▶ _EXERCISE MATERIAL_:
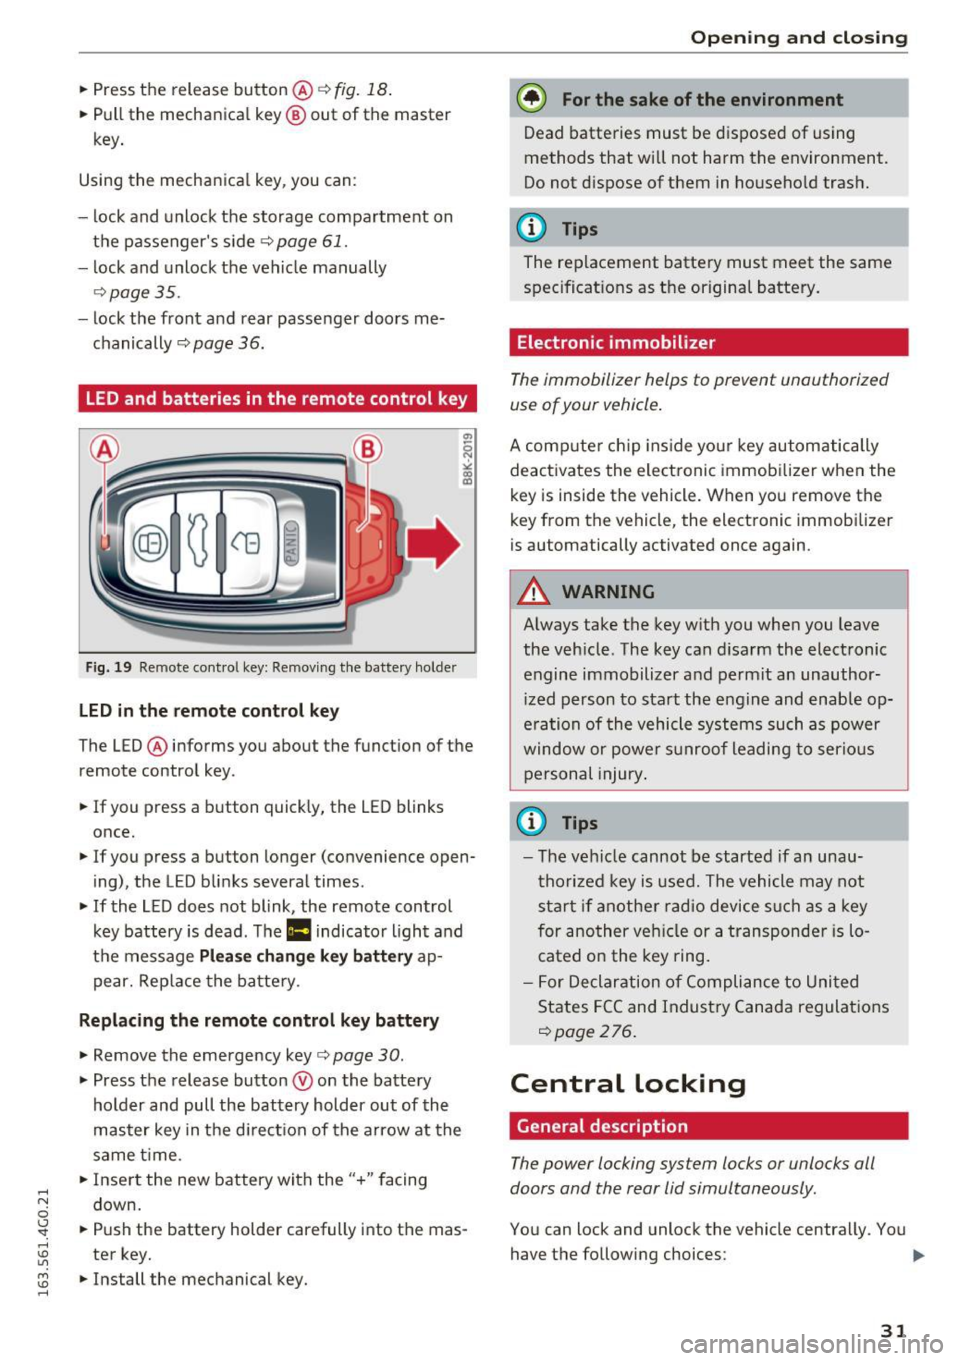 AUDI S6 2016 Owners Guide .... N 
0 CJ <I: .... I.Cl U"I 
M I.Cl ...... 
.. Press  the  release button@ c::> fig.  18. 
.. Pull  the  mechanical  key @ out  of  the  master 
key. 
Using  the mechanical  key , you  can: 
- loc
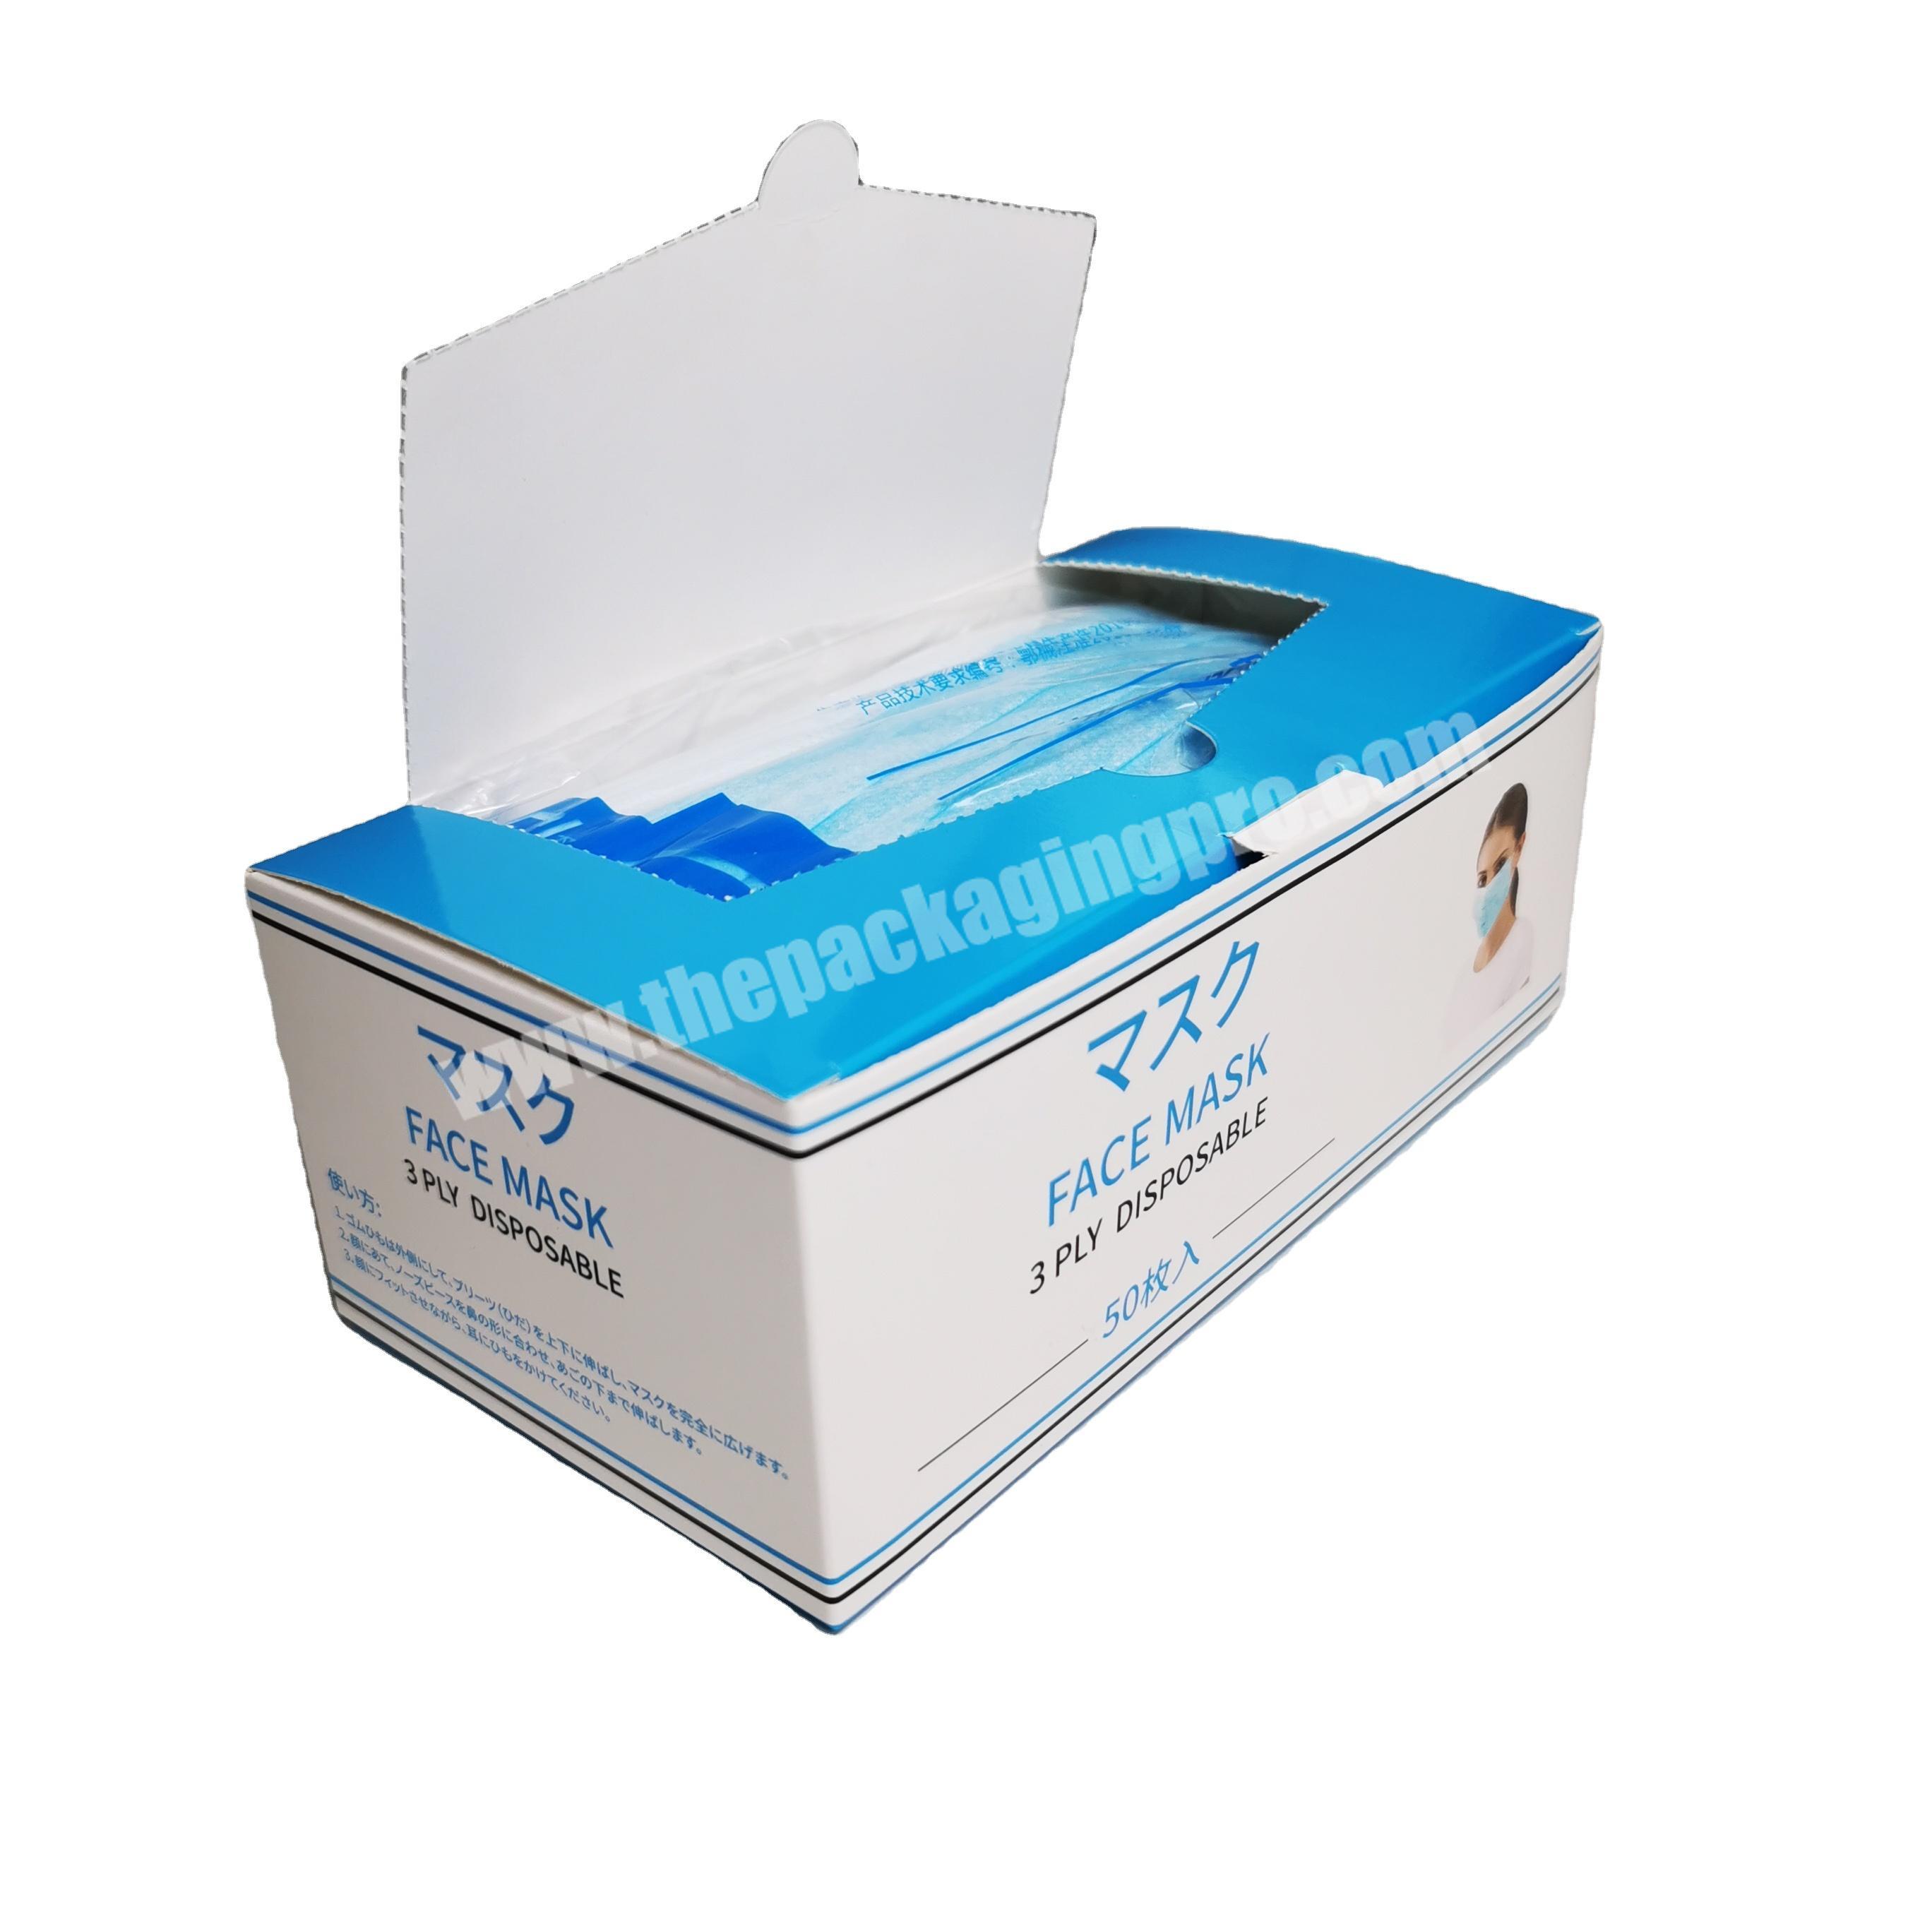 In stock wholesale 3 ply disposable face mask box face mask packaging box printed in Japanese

▶ _INSTRUCTIONS TO FOLLOW_: Please copy every line of the data that carries the string "mechanical".

▶ _OUTPUT FOR THIS TASK_:
.. Pull  the  mechanical  key @ out  of  the  master 
Using  the mechanical  key , you  can: 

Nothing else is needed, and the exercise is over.